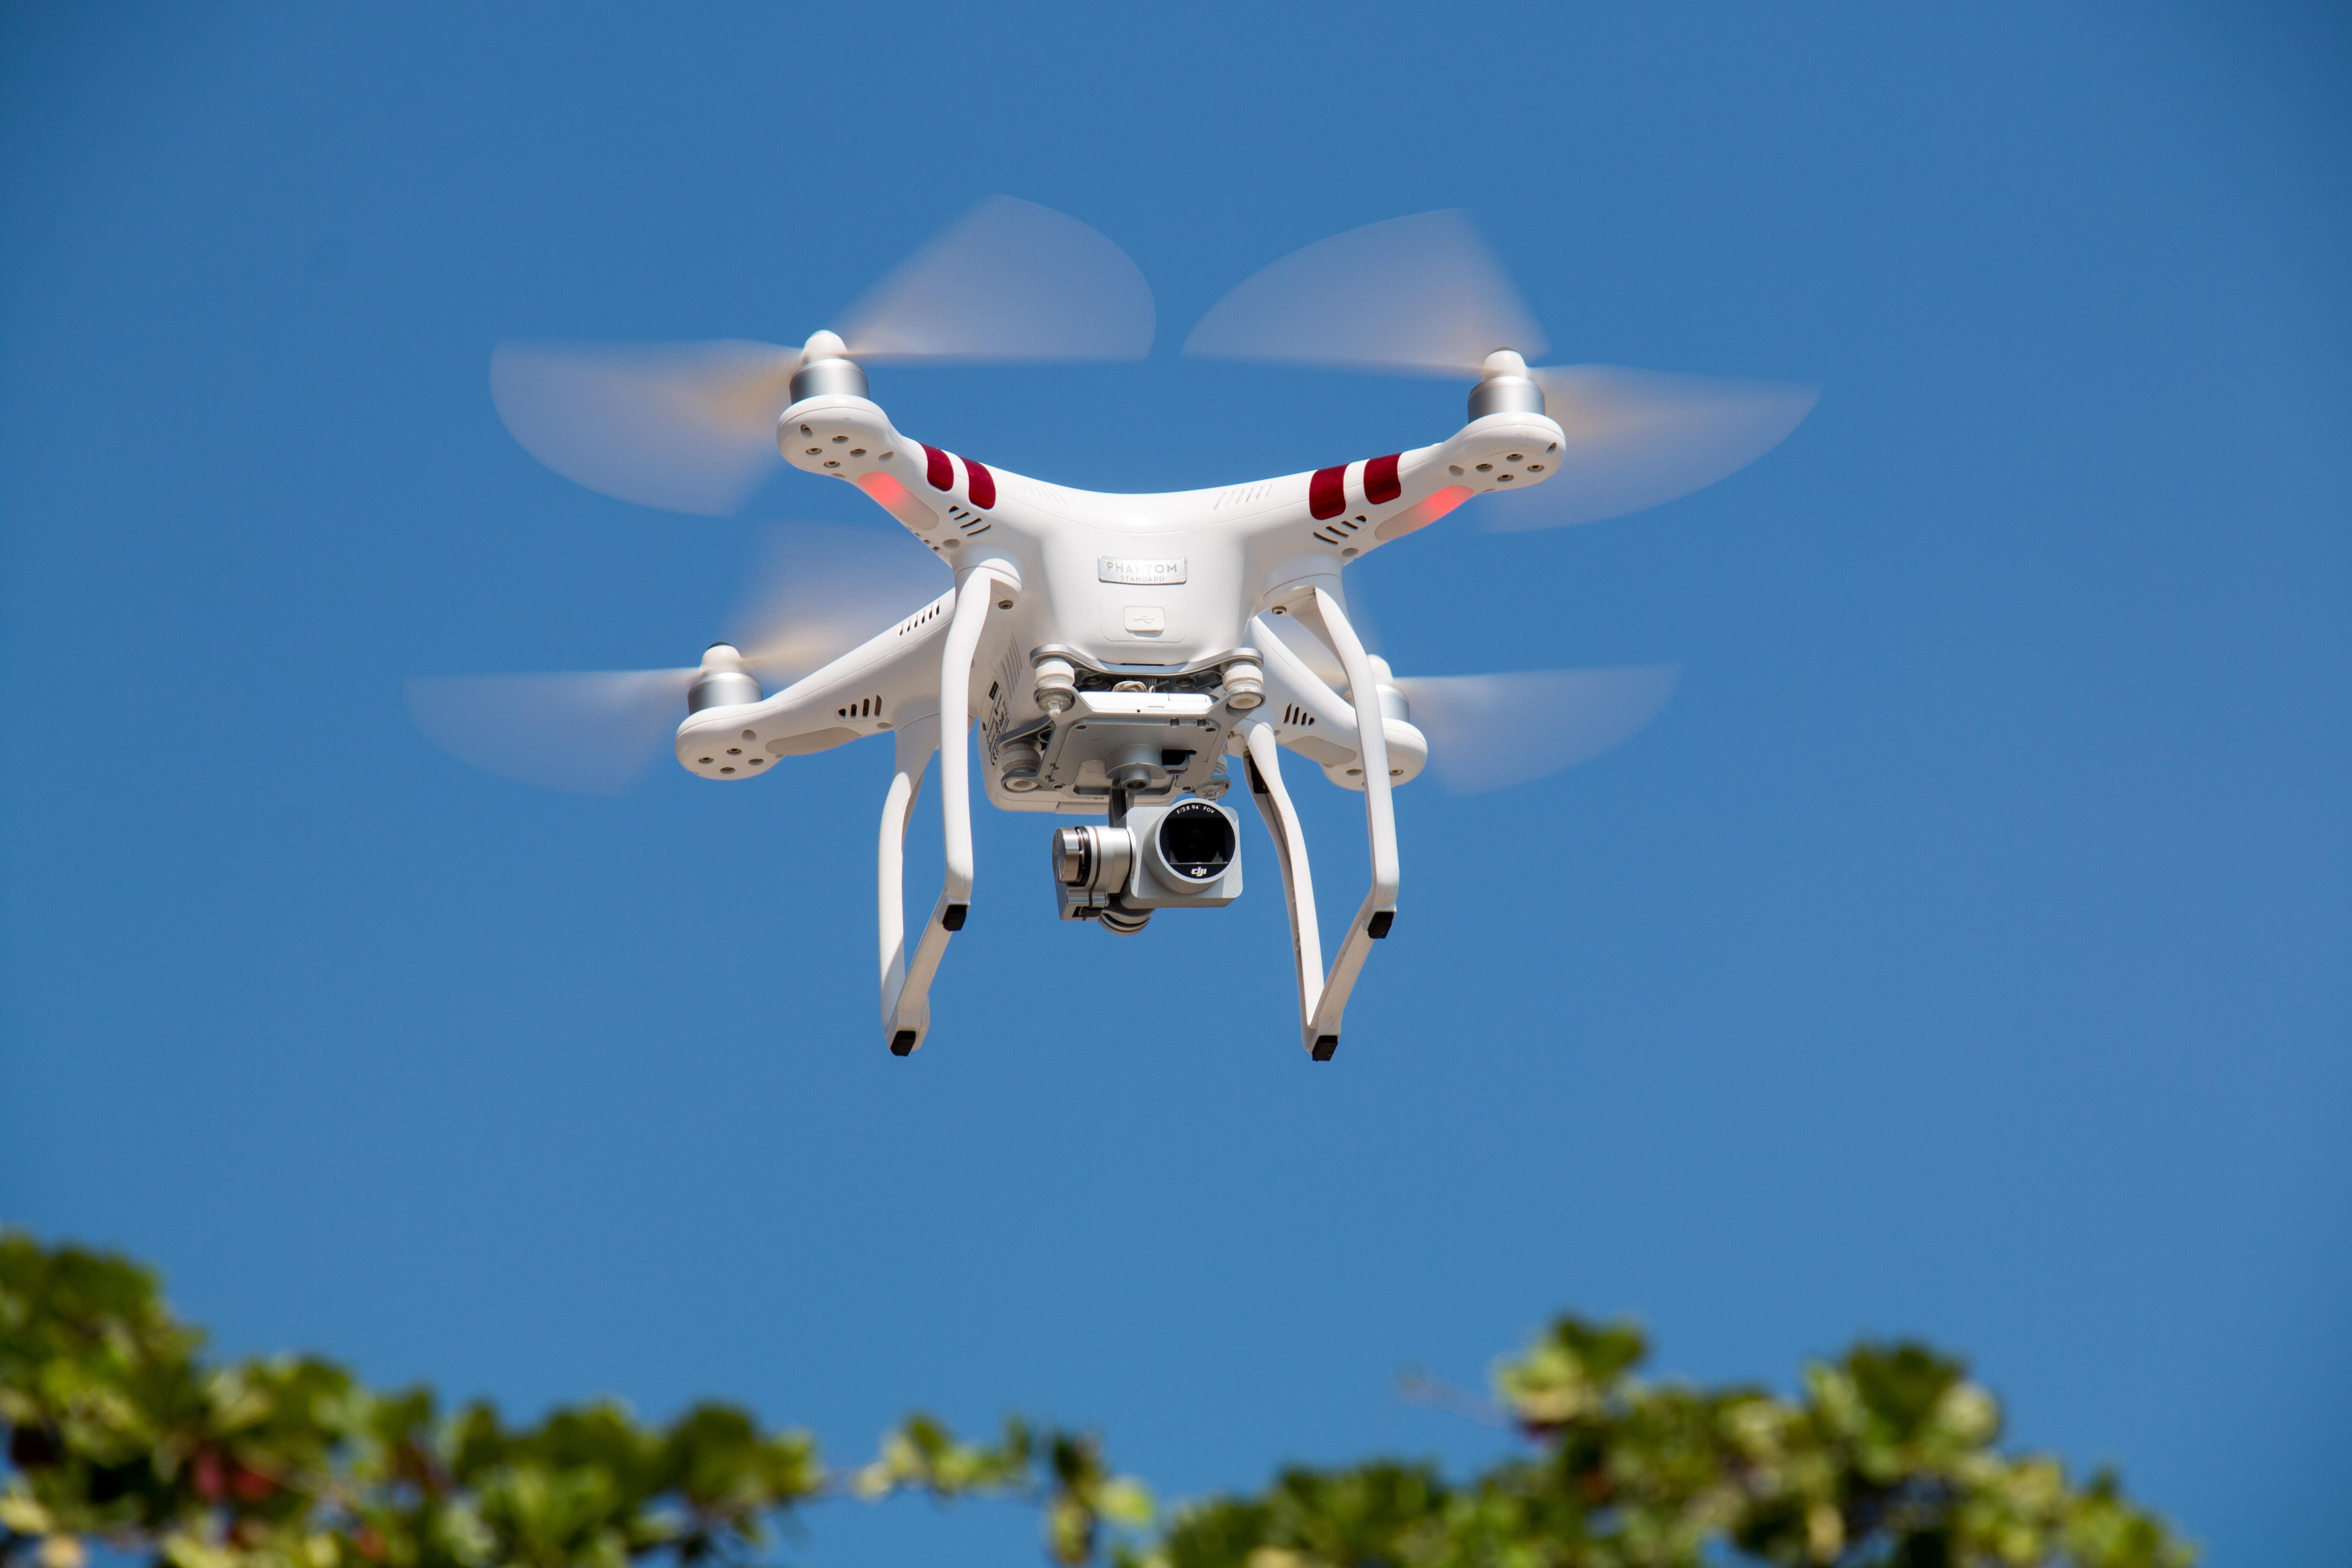 drone lennossa
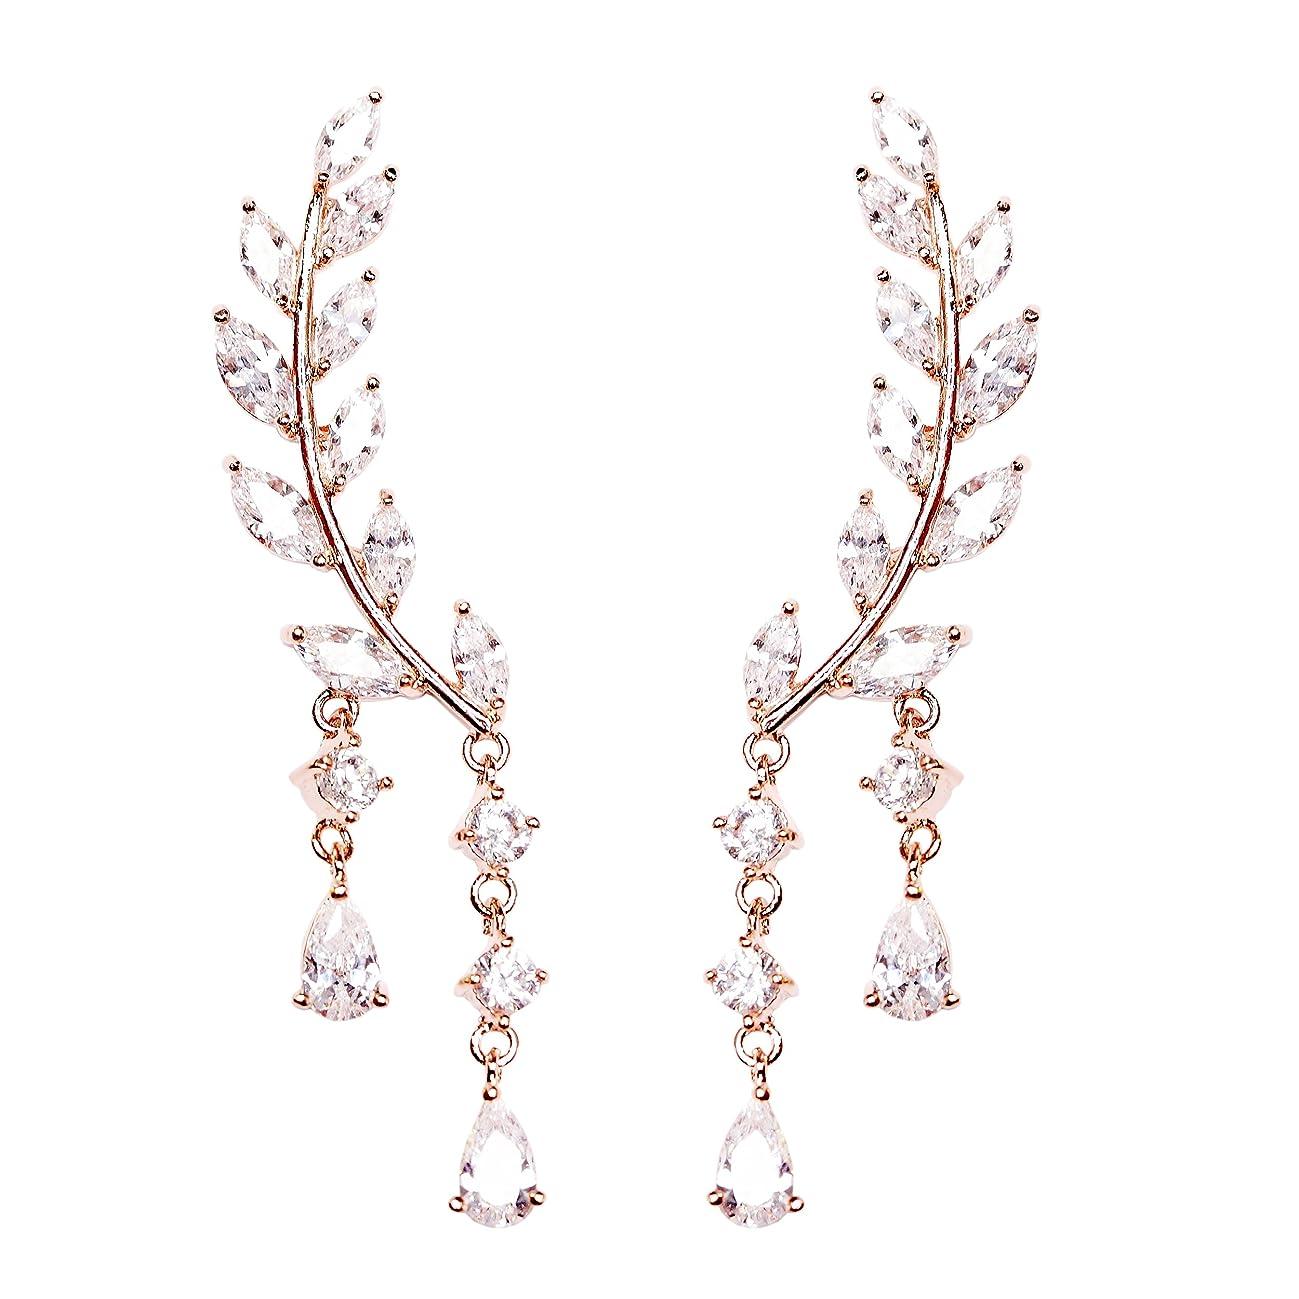 EVERU CZ Vine Jewelry Sweep Wrap Crystal Rose Gold Plated Leaf Ear Cuffs Set Stud Earrings for Women
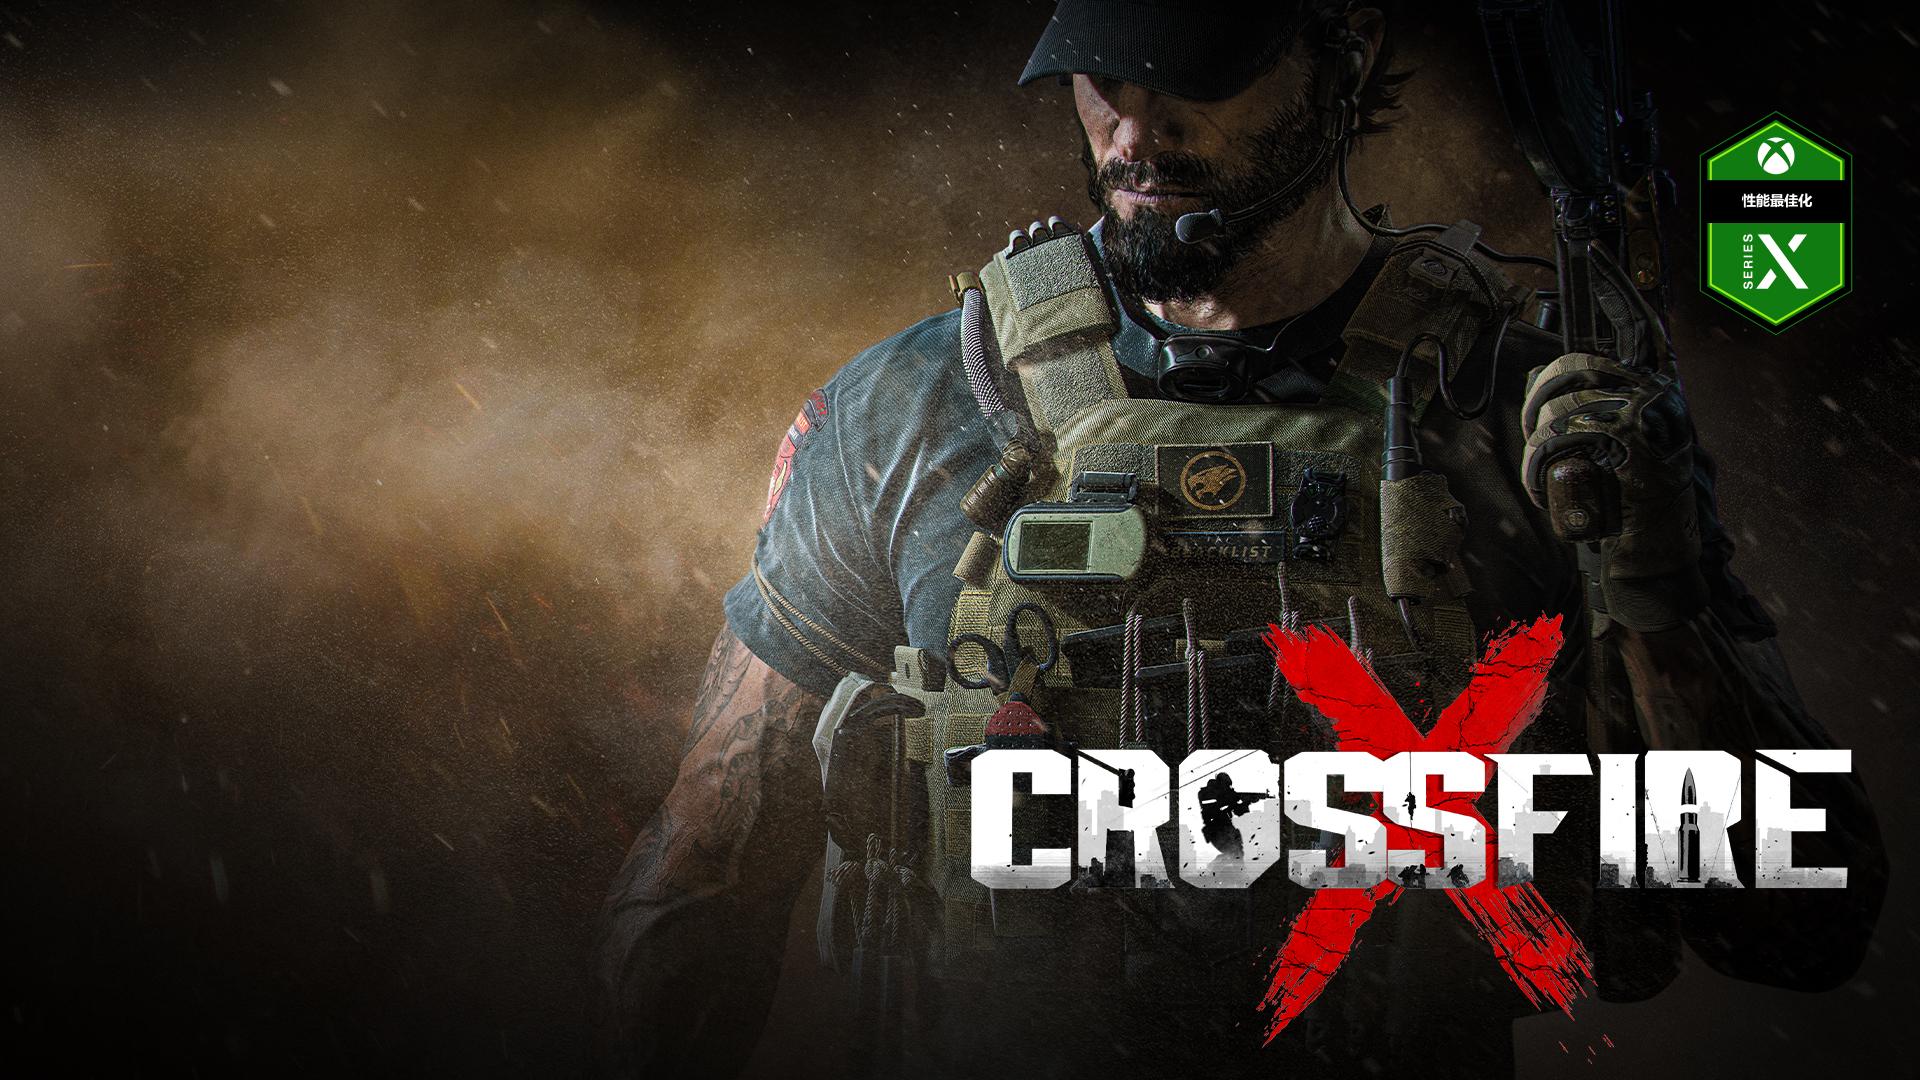 CrossfireX,Xbox Series X 性能最佳化,全副武裝的男人站在煙霧和灰燼之中

WORK TO BE COMPLETED: Please restate the whole listing exactly, without any of its pictures.

OUTPUT:
 drone lennossa
 EVERU CZ Vine Jewelry Sweep Wrap Crystal Rose Gold Plated Leaf Ear Cuffs Set Stud Earrings for Women
 CrossfireX,Xbox Series X 性能最佳化,全副武裝的男人站在煙霧和灰燼之中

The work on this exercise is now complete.